A ministra das Pescas e Recursos Marinhos, Carmen Van-Dúnem do Sacramento Neto dos Santos, assinou no mês passado o Acordo sobre a Conservação e Gestão da Biodiversidade Marinha Além da Jurisdição Nacional (BBNJ). Angola tornou-se o 107.º signatário deste importante acordo, que visa preservar os oceanos e proteger a biodiversidade marinha. O Ministro das Relações Exteriores de Angola, Téte António, e o representante permanente da missão angolana na ONU, Francisco da Cruz, também participaram da cerimónia de assinatura em Nova Iorque, EUA.
Por Christopher Burke (*)
O sector das pescas em Angola apresenta uma oportunidade inexplorada para o crescimento económico sustentável, equidade e inclusão social, segurança alimentar e conservação/protecção marinha. No entanto, o sector enfrenta desafios comuns às economias dependentes de recursos naturais, incluindo a sobrepesca, a pesca ilegal, não declarada e não regulamentada (INN), além de mecanismos de fiscalização frágeis. A solução desses problemas transformaria o sector das pescas em um pilar essencial da resiliência económica, social e ambiental.
Ao longo dos anos, as pescas em Angola têm sido caracterizadas por acesso irrestrito e fiscalização regulatória limitada, resultando na superexploração dos recursos marinhos. Esses desafios exigem políticas claras, engajamento comunitário e soluções tecnológicas para proteger os ecossistemas marinhos e garantir meios de subsistência sustentáveis para as comunidades costeiras.
A boa governança, alinhada com os Objectivos de Desenvolvimento Sustentável (ODS) e protocolos internacionais como o Acordo sobre a Conservação e Gestão da Biodiversidade Marinha Além da Jurisdição Nacional (BBNJ) e o Acordo sobre Medidas do Estado do Porto (PSMA), é essencial para atrair investimentos reputáveis. Incentivar práticas sólidas de responsabilidade social corporativa (RSC) entre esses investidores pode abordar desafios estruturais de maneira mais eficaz do que operadores menores e menos confiáveis.

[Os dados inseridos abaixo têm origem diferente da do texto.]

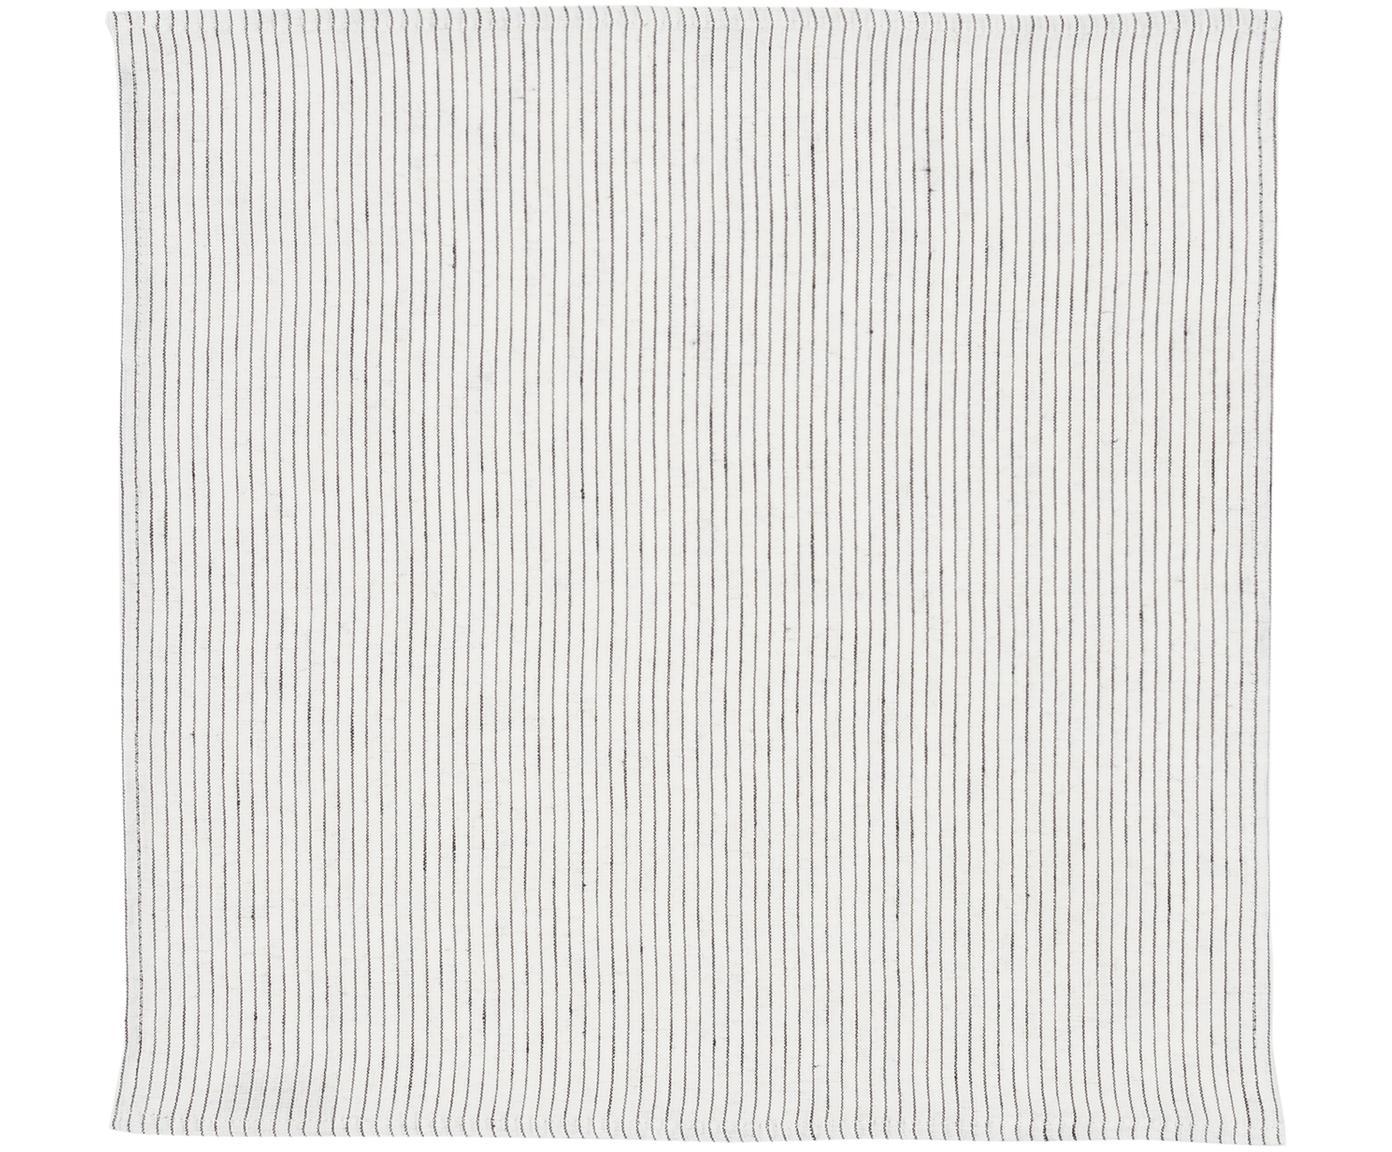 Leinen-Servietten Svete, 6 Stück, Cremeweiss , Schwarz, 43 x 43 cm

Angola possui um conjunto robusto de leis e regulamentos que garantem a gestão sustentável e a conservação dos recursos aquáticos. A Lei nº 6-A/04 sobre Recursos Biológicos Aquáticos (2004) estabelece regulamentos para actividades pesqueiras, quotas e conservação marinha, fornecendo um arcabouço jurídico abrangente para a gestão, conservação e utilização sustentável dos recursos aquáticos. O Decreto Presidencial nº 284/14 (2014) trata dos desafios relacionados à pesca ilegal, não declarada e não regulamentada (INN), detalhando medidas para melhorar o monitoramento, o controle e a fiscalização para evitar a exploração descontrolada. O Decreto Executivo nº 83/07 (2007) estabeleceu a exigência de programas de observação em embarcações de pesca, garantindo conformidade com as regulamentações pesqueiras e práticas sustentáveis.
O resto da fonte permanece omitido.